A multi-tenant architecture is highly efficient since updates and maintenance are done to a single application, not handled individually. While the cost of cloud hosting increases as the size of needed resources, like storage and databases, increases, those costs grow much more slowly than the revenue from additional customers.
Are you looking to develop a SaaS product?
- Develop SaaS products that scale
- Build features that users will actually use
- Leverage lean and agile methodologies to get your product in the market fast
Expect to be self-service
As mentioned above, it’s important that a SaaS application is designed and built to be usable without significant help within the application. An intuitive interface and functionality are key.
That concept should be carried one step further into self-service. A well-design SaaS application should allow a user to register for use, get their account, and begin using and configure the application without administrative intervention. Accounts should be provisioned automatically. Following SaaS best practices requires that the software’s creators and developers think through what a starting user needs, how to automate account creation, and what security is needed to protect the new account and all existing accounts.
Make it integration-ready
Integrations are the future for applications. Users – from individuals to enterprises – have invested both time and money into the apps they enjoy or that provide needed functionality for them.
Your software is unlikely to exist in a vacuum. Even if it doesn’t need outside data to function, it’s likely to be enhanced by information your users already have stored elsewhere, or by data that can be imported from other providers. A health app may be more useful if it plays nicely with a user’s meal planning software. An accounting package becomes a more attractive choice when it can share data with a company’s supply chain software. Integrations make your application both more useful and a better choice than other applications for the end-user.

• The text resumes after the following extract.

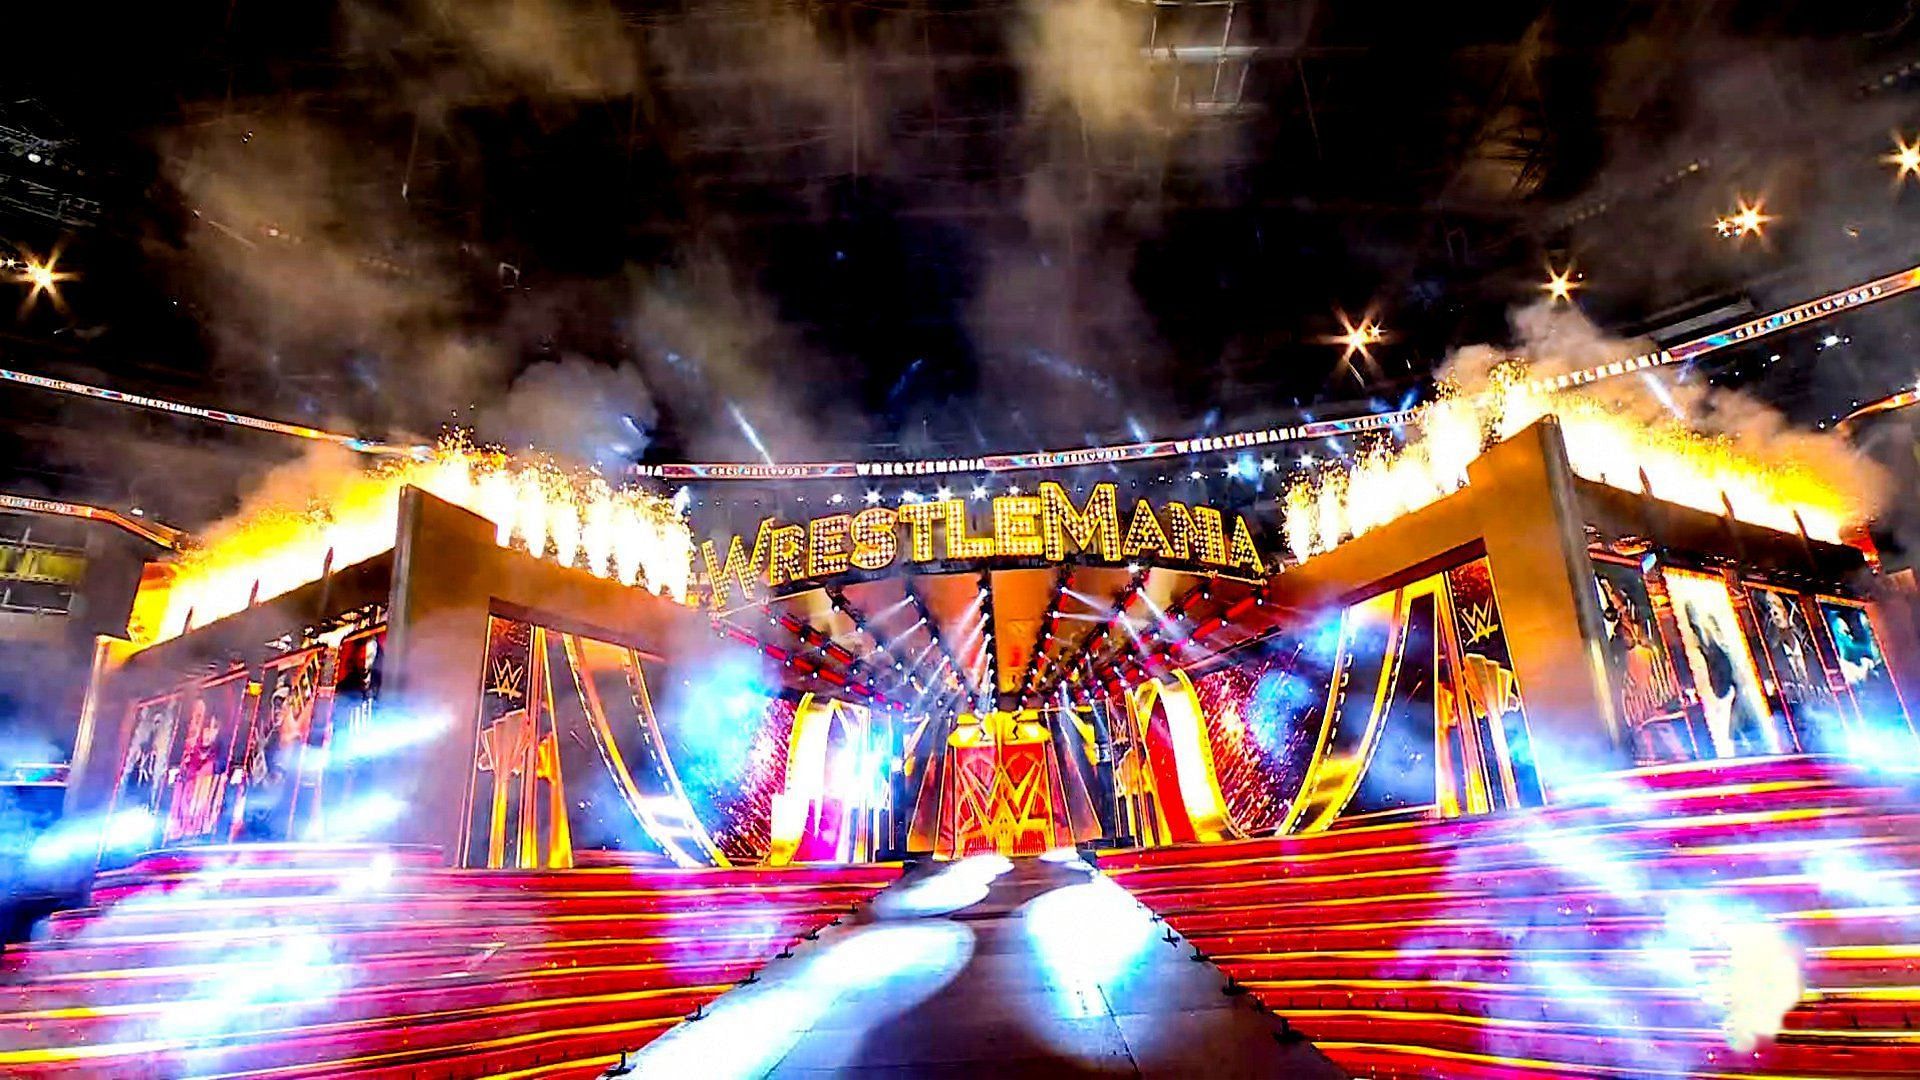 The WWE WrestleMania 39 stage at So-Fi Stadium in Hollywood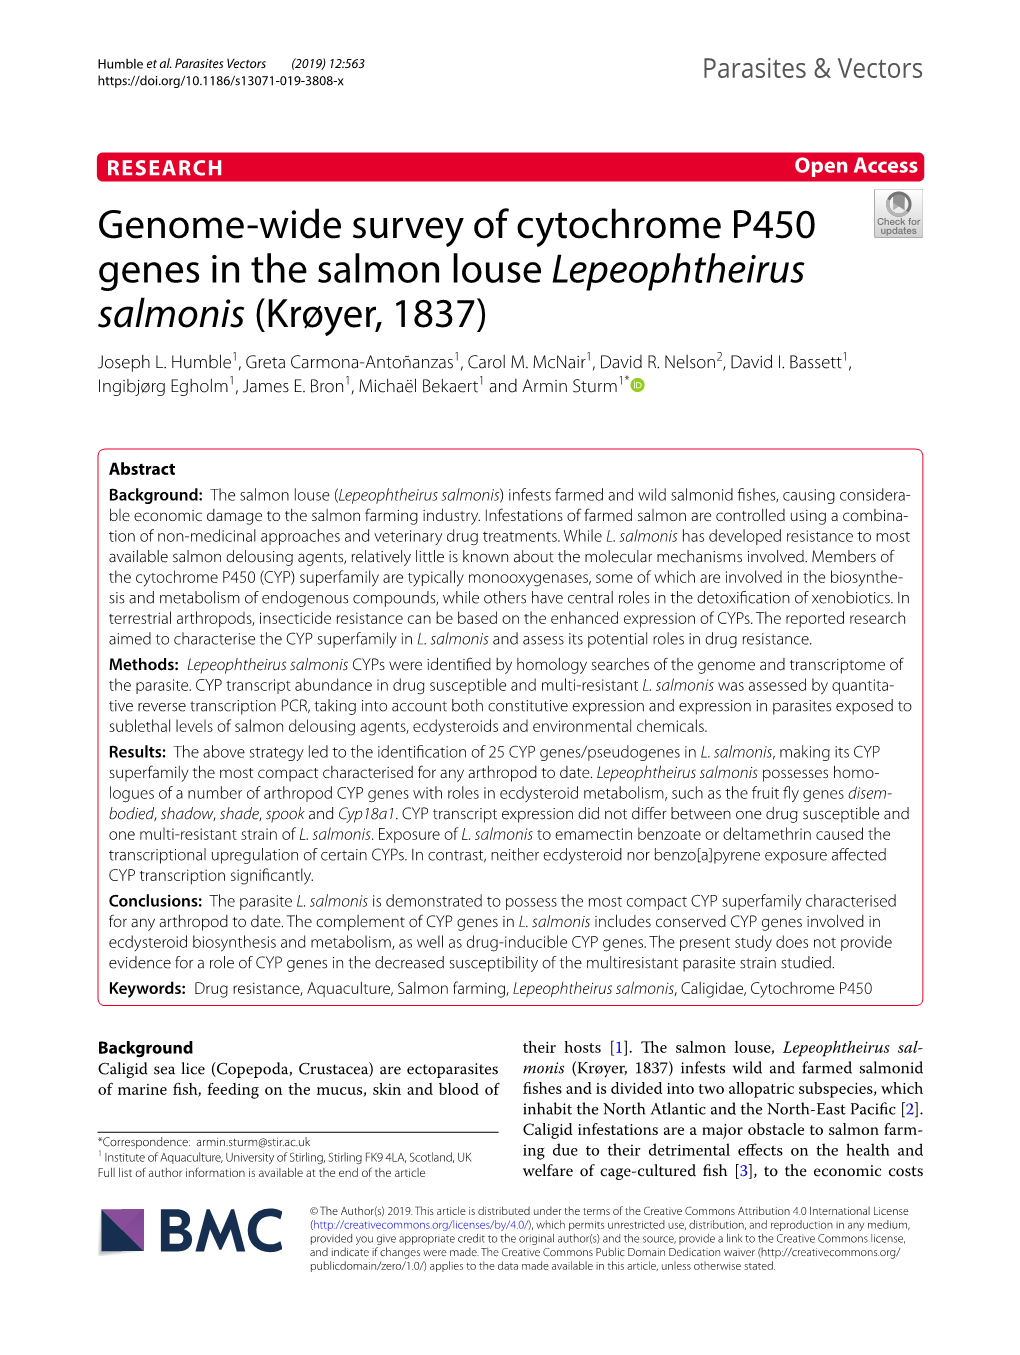 Genome-Wide Survey of Cytochrome P450 Genes in the Salmon Louse

Beyond an application’s concept and design is a number of best practices that must be considered in creating a SaaS solution. The right software partner will understand the ins and outs of cloud-native development and multi-tenancy architecture. They can also advise you on creating an easy to use application that offers the ability to connect with other common applications. These best practices offer and ideal jumping-off point for conversations with potential technology partners, and a great yardstick as you design your SaaS application’s functionality.